Amrita Rawat (born 10 August 1958), also known as Shri Amrita Mata ji (by her followers), was a Member of the Legislative Assembly of Uttarakhand, India. Shri Amrita Rawat is married to Shri Satpal Maharaj.

== Political activities ==
- In 1978, Elected as Joint Secretary of Students Union of Degree College for Girls, Kanpur.
- In 2002, Shri Amrita Rawat entered active politics during the first elections of Uttarakhand Legislative Assembly as an Indian National Congress candidate. She, Won the election (from Bironkhal, Garhwal Seat) with record votes.
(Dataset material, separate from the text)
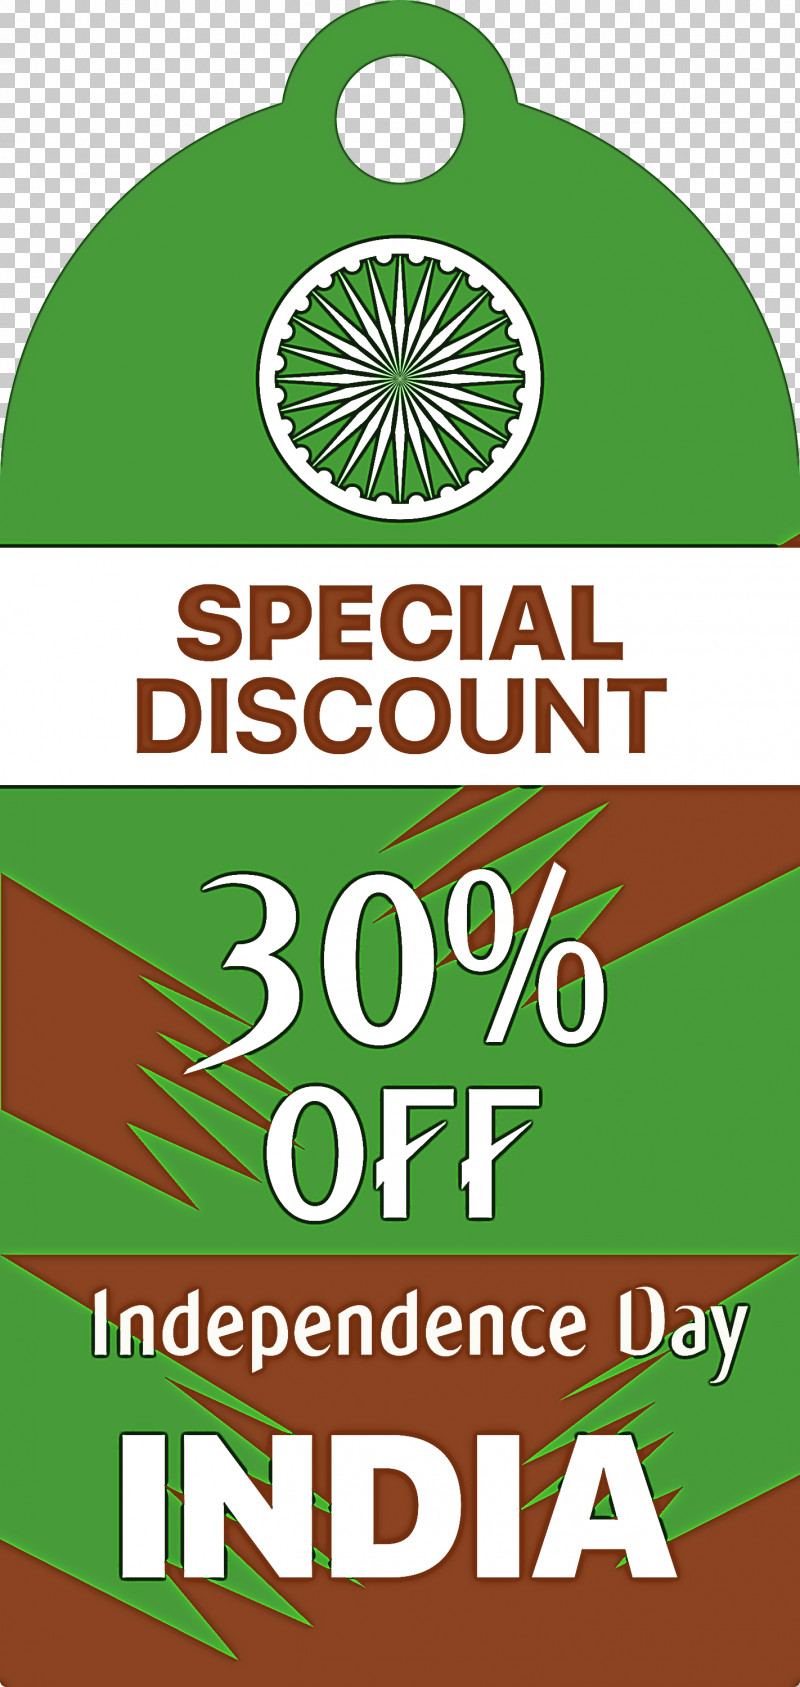 India Indenpendence Day Sale Tag India Indenpendence Day Sale Label PNG, Clipart, Green, India, India Indenpendence Day Sale Label, India Indenpendence Day Sale Tag, Indian Army Free PNG Download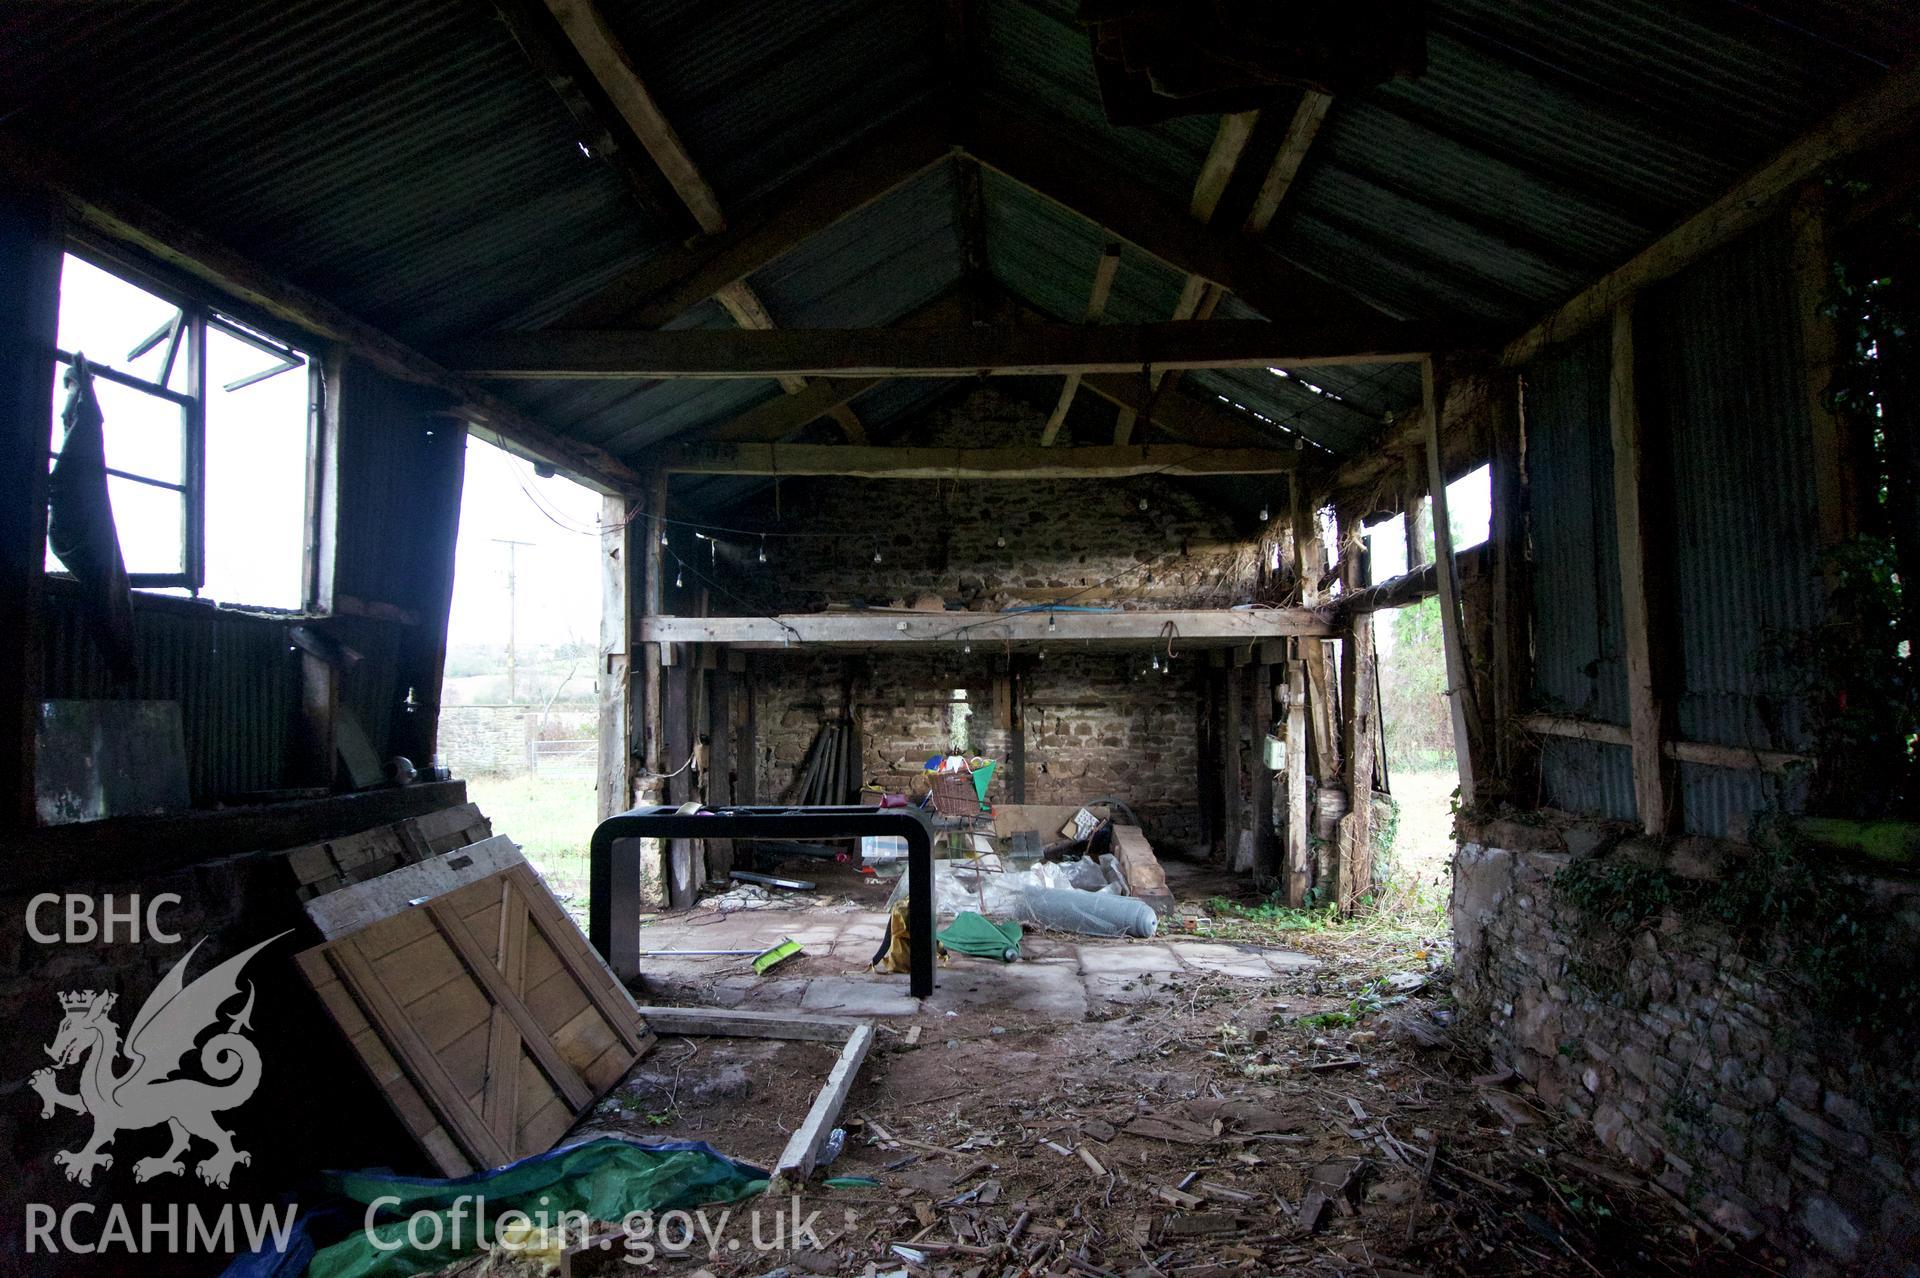 Internal view looking west to east at Middle Ton Threshing Barn. Photographed for the Historic Building Photographic Record of Middle Ton Threshing Barn, Llanvapley, by Dan Courtney of Cog Architects, 2019.

She was made the Minister of state with important portfolios like Energy, Women Empowerment, Irrigation and Child Welfare.
- In 2007, she was elected for the second time as MLA from Bironkhal Constituency.
- In 2012, again was elected from Ramnagar Assembly Constituency and continued as a cabinet minister with portfolios like Tourism, Horticulture, Culture, Alternative Energy, Child Welfare and Women Empowerment in state of Uttarakhand.
- In 2012, Shri Amrita Rawat was looking after alternative energy and tourism ministry of Uttarakhand. until in May 2014, when Harish Rawat dismissed Shri Amrita Rawat because her husband Shri Satpal Maharaj quit Indian National Congress and joined Bharatiya Janata Party
- On 18 May 2016, Amrita Rawat Joined Bharatiya Janata Party quitting Indian National Congress.

== Role in stabilization of Uttarakhand during hardship ==
- In 1989, she helped the victims of land slides and flood in the valley of Pinder in Chamoli District of Uttarakhand.
- In 1990, she helped the sufferers of heavy rains in Neelkanth.
- In 1991, she helped the victims of the most destructive earthquake in Uttarkashi, Tehri, Rudraprayag and Chamoli districts by opening relief camps for the people living under the sky, by providing them with food articles, blankets, trampolines, medicines and free medical camps.
- In 1994, she participated in the movement for formation of separate Uttarakhand State and joined as a padyatri with Shri Satpal Maharaj in the Shrandhanjai Padyatra from Gopeshwar to Narsan. She stood with the people who participated in the movement which showed her commitment to the formation of separate Uttarakhand.
- In 1998, she helped the sufferers of ruinous landslides in Ukhimath.
- In 1999, she helped the victims of the most catastrophic earthquake in the district Chamoli showing her spirit of helping the affected victims of the natural disaster.

Shri Amrita Rawat along with Shri Satpal Maharaj and Manav Utthan Sewa Samiti have helped the people as a representative of the people of la India.

== Awards and recognition ==
- She had also been selected for the best MLA in 2011
- Kumaon Hills won the Award for "Best Mountain/Hill destination in India", by CNBC travel awards in 2012, under the leadership of Shri Amrita Rawat as she was Tourism minister of the state, she received the award for the state.